Think about that for a minute: each of things Bradshaw that lists right there in that
passage I just read you was no doubt going on in that Corinthian church—the
perfectionism around the perfect beliefs, the power play going on between different
elements of that church, the control some wanted to wield over others, and the
judgment each side was laying on each other—and, of course, the criticism and blame
slung about that community in this first century “fight to the finish.”  But these
dysfunctional ways of beings don’t just happen in church families—they also happen in
our own families and I suspect there is not a person in this room that, with some time,
that couldn’t eventually trace out some of the ways that shame has wrecked a
destructive path through their home and family.  Shame makes parents over indulge
their kids, or maybe even ignore them; shame makes people buy houses they can’t
afford, and take on debt they cannot carry easily, and shame, if Bradshaw is right, is at
the root of so many of the addictions that wreck havoc on our families and friends.  

What is the solution for this disease within us, and sometimes within our own Christian
communities?  I actually think the solution is at least partially found in taking Paul’s
advice seriously here, that in our weaknesses, in our failures, in our many moments of
not measuring up, of not being smart enough, strong enough, wealthy enough, secure
enough, it is in those moments that God can show us that in our worst times we are
often at our best, that in those moments of losing everything, we can gain back the
world, and that God can take a moment when we too felt we had been crucified, and
God can make that moment into something else, make it into a moment of resurrection.  

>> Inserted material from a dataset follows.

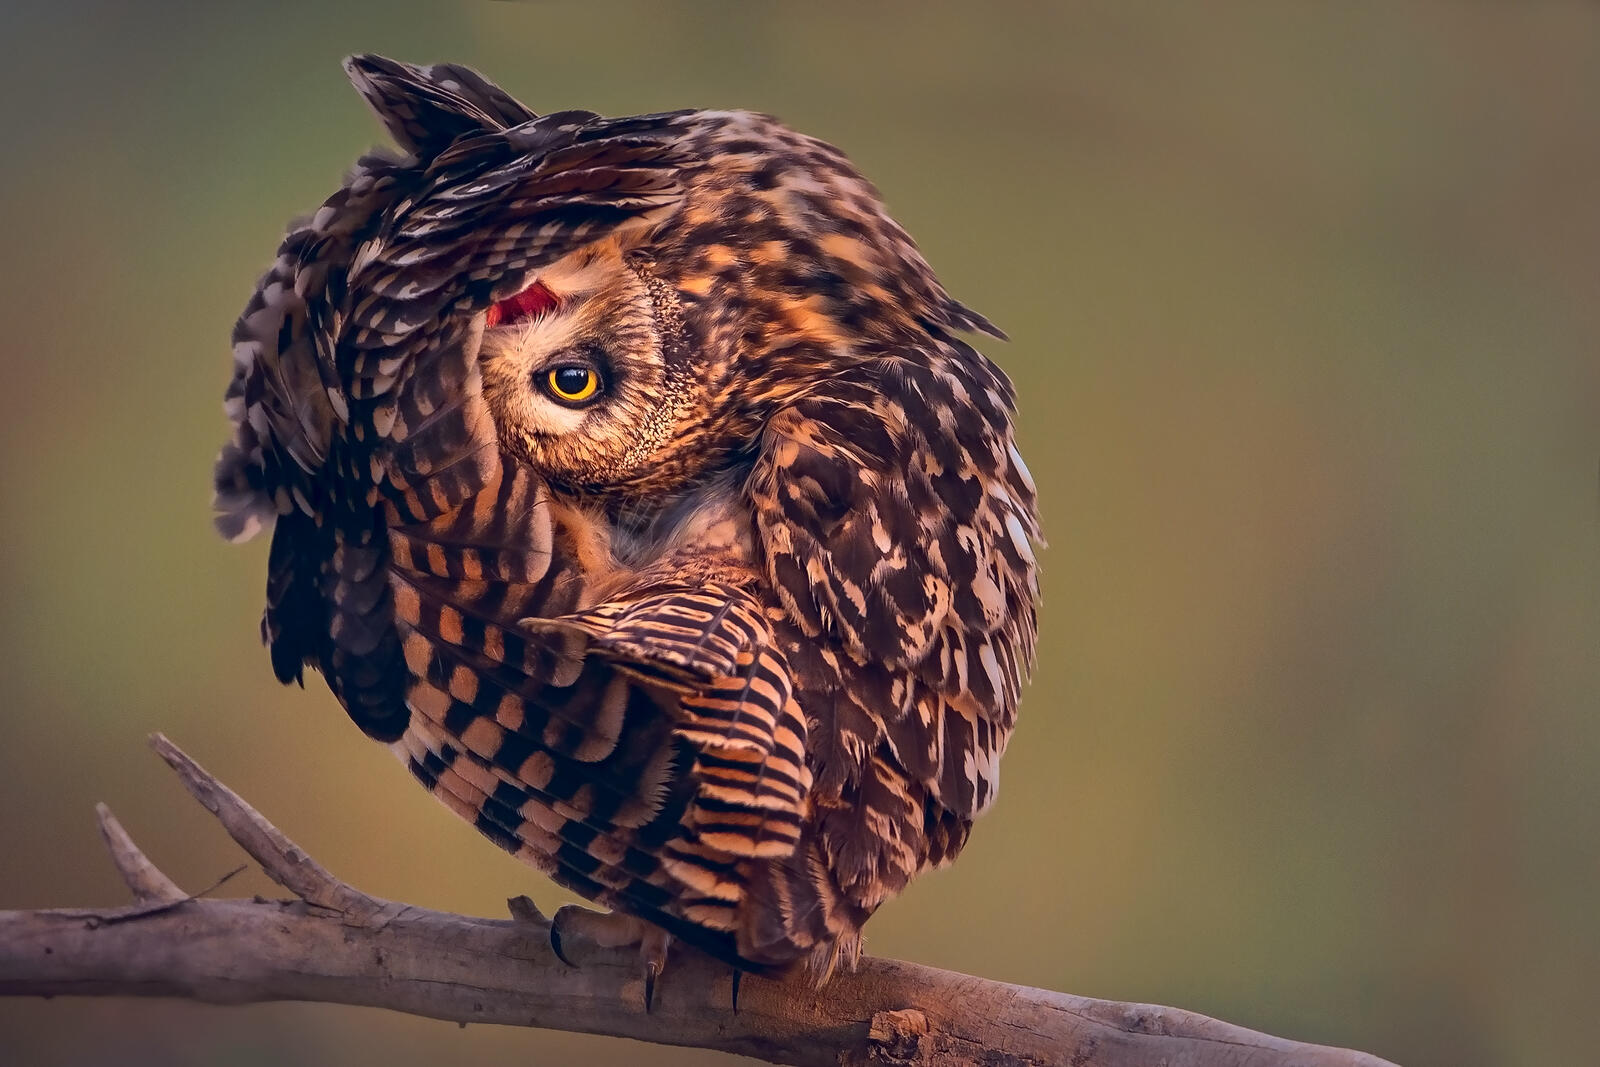 Wallpapers wildlife bird of prey owl on the desktop
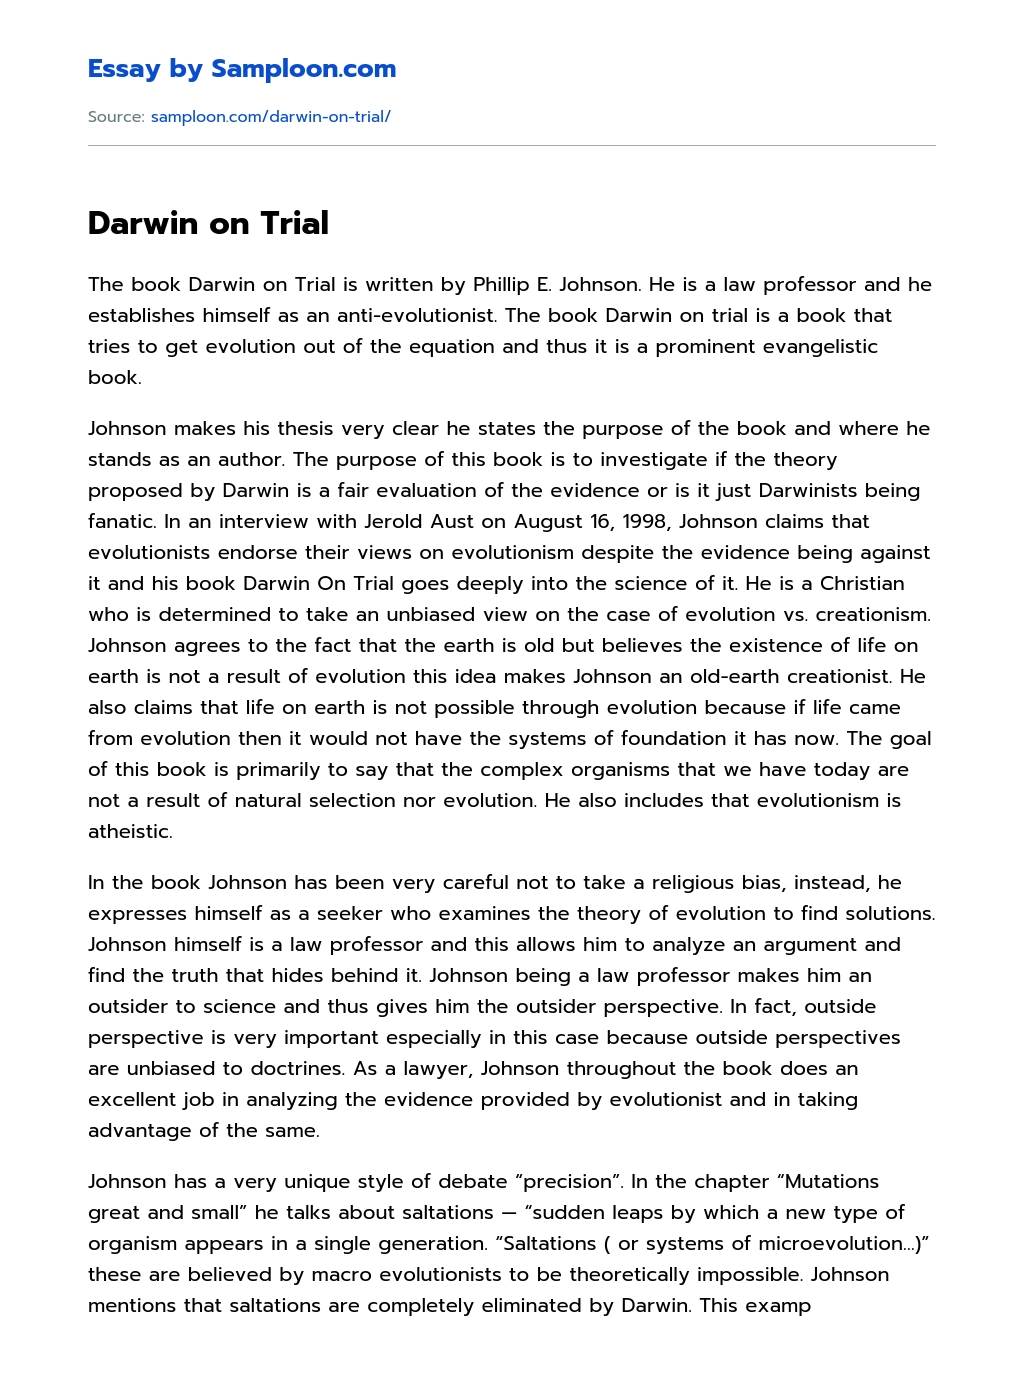 Darwin on Trial essay

God takes all those moments when we thought we were the mistake, those moments
when didn’t realize that we had just simply made a mistake, and makes them into a
moment of hope.  God is taking what is foolish in this world, the losers of the world, the
nobodies of this world, and making them winners, but in doing so God has changed the
very definitions of what it means to win and what it means to lose.  The philosopher
Friedrich Nietzsche once complained that Christianity was the religion of losers, and,
thankfully, he was right, though he certainly did not mean it as a compliment.  Shame
about losing and being a loser almost destroyed that church in Corinth, but Paul
reminds them that the Christ they follow wants them to let go of their shame and
embrace him, this one from Nazareth who has lost everything for their sake.  I like the
story that Ann Landers tells about a woman who was stark-naked and just about to step
into the shower when the doorbell rang. She hollered, "Who is it?" He shouted back,
"It's the blind man." She figured it was safe, so she opened the door. He looked at her
in shock and asked, "Where do you want me to hang these blinds, lady?"   (Ann
Landers, The Washington Post, October 13, 1998)  Now, that is where Lander’s story
ends, but I would add to it and I would end the story with the woman not slamming the
door, and running back to the bathroom, absolutely horrified that she was caught in the
nude, but, instead, I would have her pointing to the empty window, and saying, “right
over there.”  Now, I know that it makes less funny, but I think the point is that to live in
Christ is to choose to own the moments where we stumble, and believe that God will
make some good out of those moments, resurrection out of cross, and maybe we’ll
even get some window blinds out of a moment embarrassing vulnerability.  Amen.